En virtud de lo dispuesto en la Ley N°21.751 publicada en el Diario Oficial el día 28 de junio de 2025, que reajusta el monto del ingreso mínimo mensual y ratificado por la doctrina administrativa de la Dirección del Trabajo en Dictamen N°447-13. A contar del 01 de enero de 2026 rige el nuevo reajuste del Ingreso Mínimo Mensual (IMM), esta actualización es imperativa y automática para todos los empleadores del sector privado.

En virtud de lo anterior, el Ingreso Mínimo Mensual a contar del 01 de enero de 2026, debe ser reajustado de la siguiente forma:

Categoría de Trabajador Nuevo Monto (CLP)
Trabajadores mayores de 18 años y hasta 65 años $539.000
Trabajadores menores de 18 años y mayores de 65 años $402.082
Ingreso Mínimo para fines no remuneracionales $347.434

Ahora bien, en lo relativo a la gratificación legal prevista en el artículo 50 del Código del Trabajo, esta corresponde al 25% de la remuneración mensual, con un límite máximo equivalente a 4,75 Ingresos Mínimos Mensuales. En consecuencia, el reciente aumento del sueldo mínimo eleva dicho tope legal, fijando la gratificación en un monto máximo mensual de $213.354.-, conforme al cálculo ($539.000 x 4,75 / 12 = 213.354)

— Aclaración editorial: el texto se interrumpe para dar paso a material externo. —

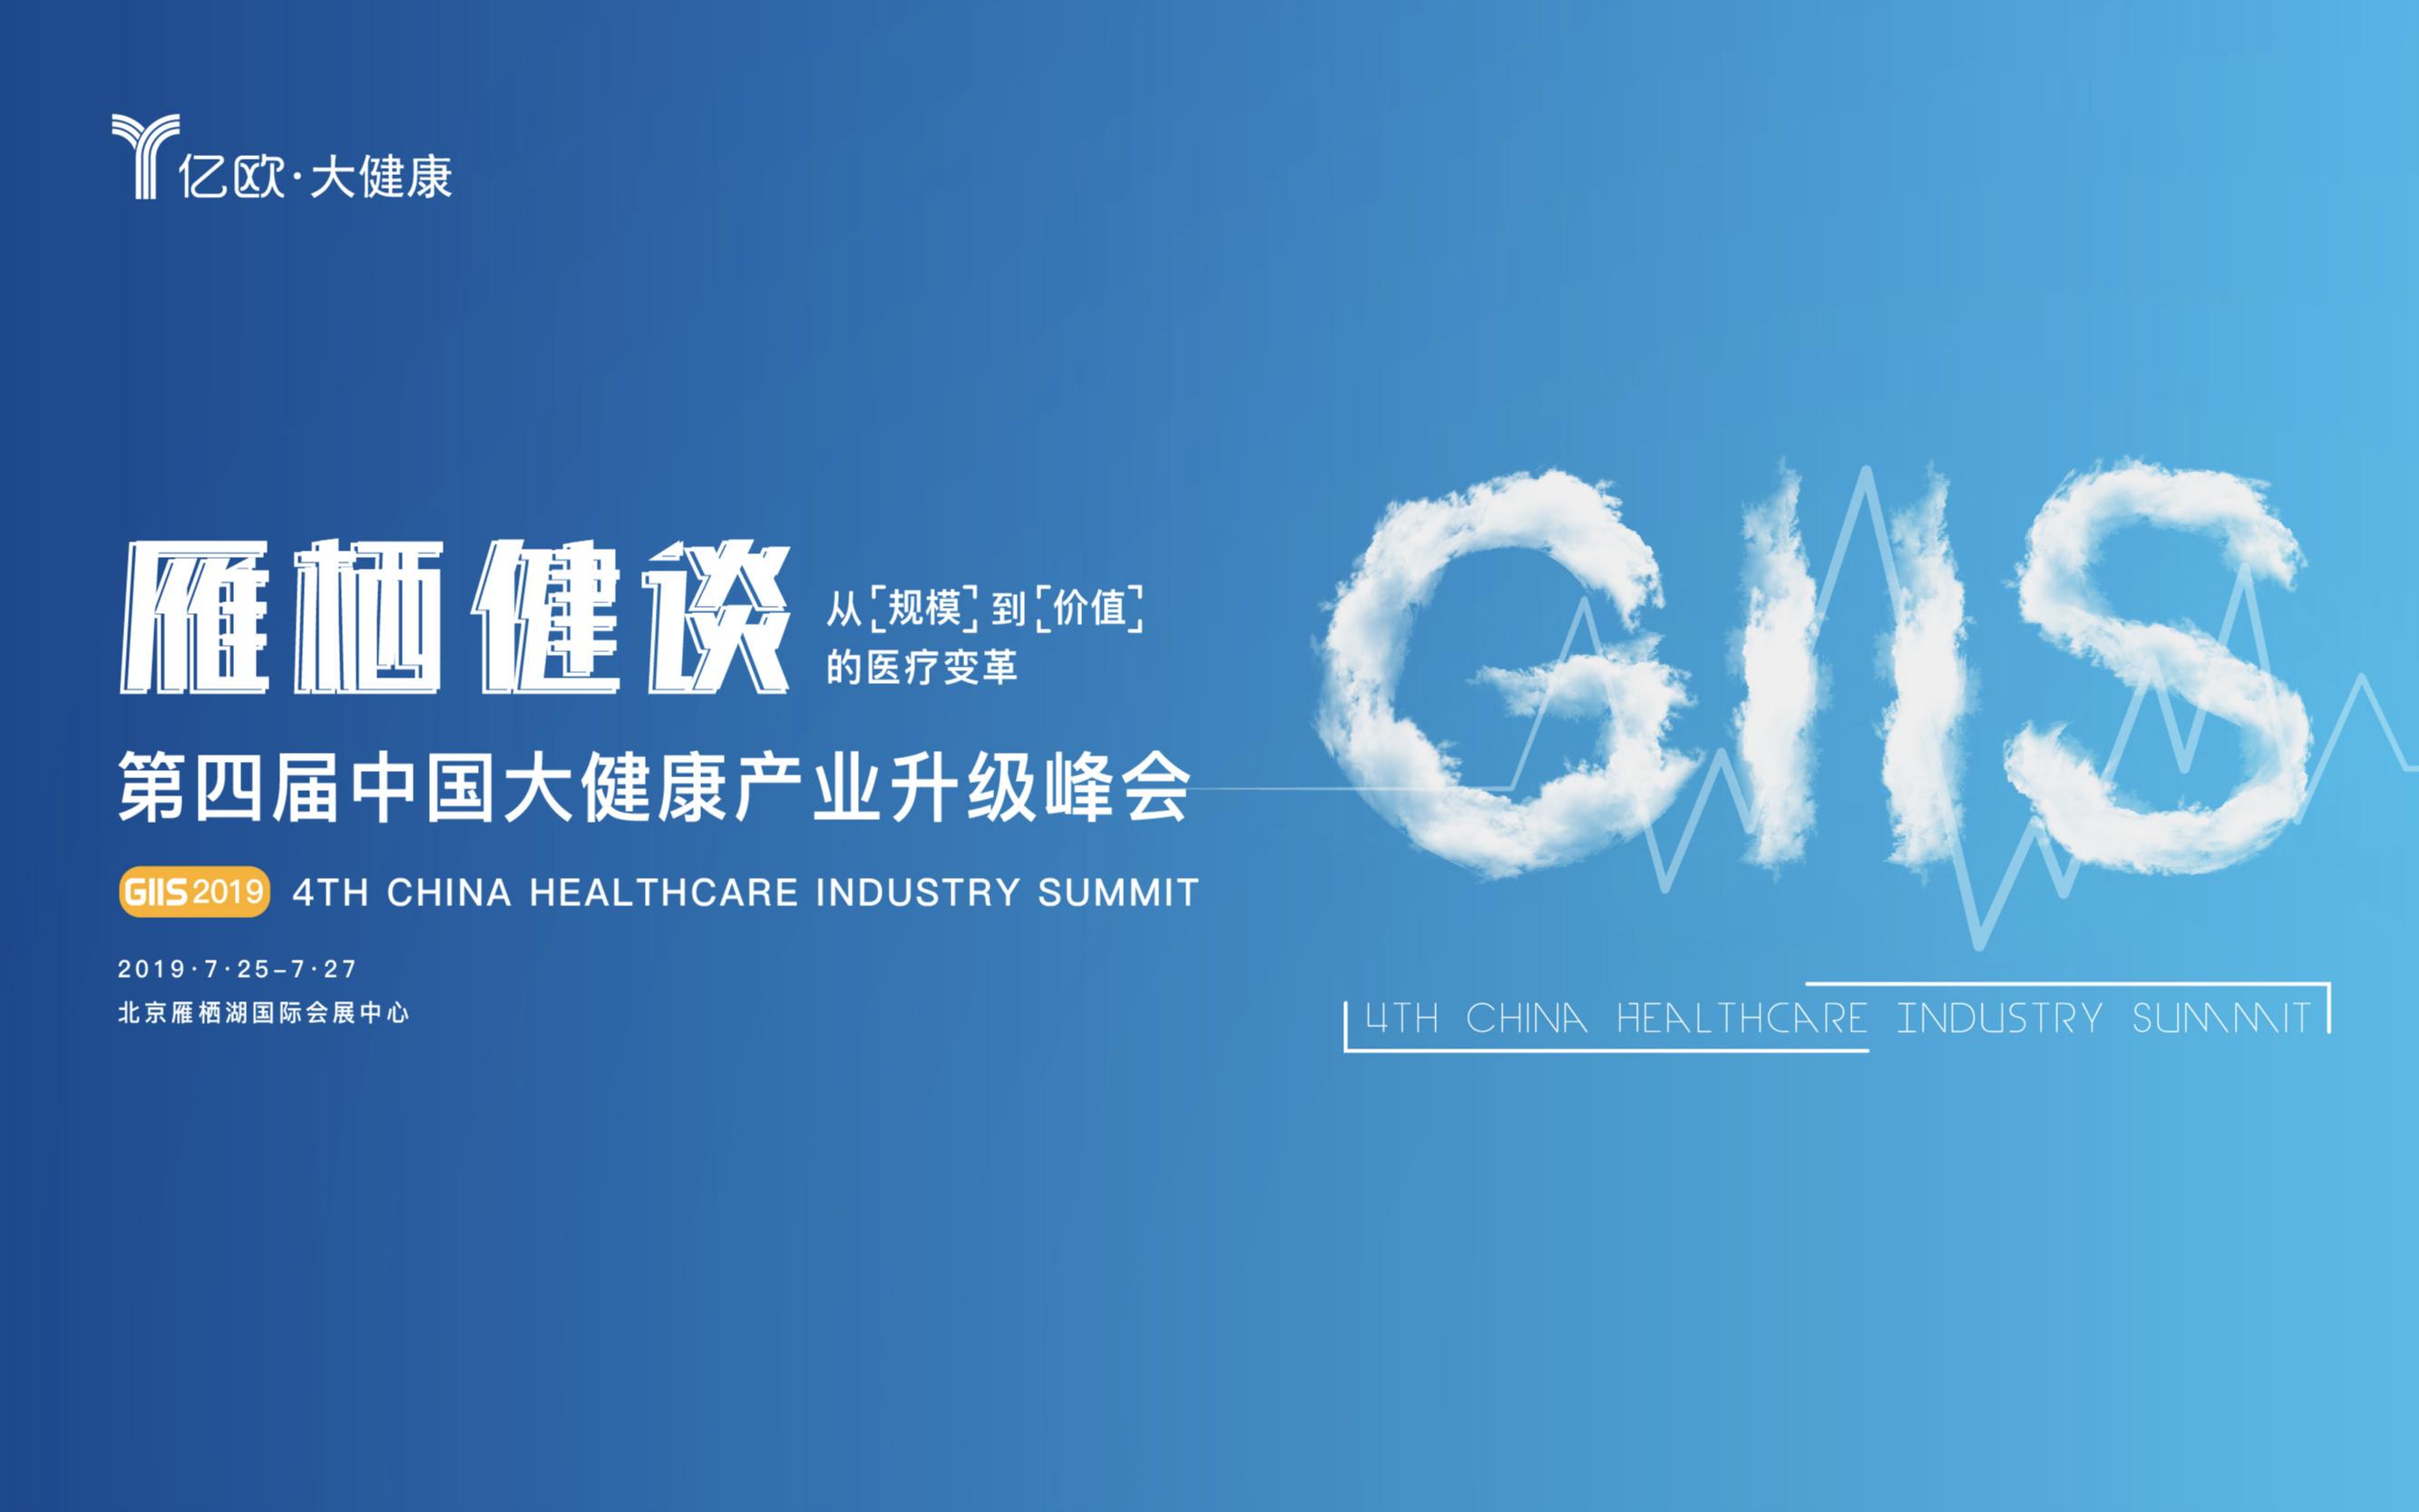 雁栖健谈 GIIS 2019第四届中国大健康产业升级峰会(北京)

Por último, la entrada en vigencia del reajuste del salario mínimo implica que los empleadores deberán tener presentes ciertas consideraciones, tales como, actualizar las nominas que reajusten el sueldo mínimo a lo establecido legalmente, revisión de contratos, clausulas de gratificación y anexos a pesar de que el reajuste es automático, también deben revisarse los tramos correspondientes de asignación familiar que deben ser ajustados en la misma proporción que el IMM.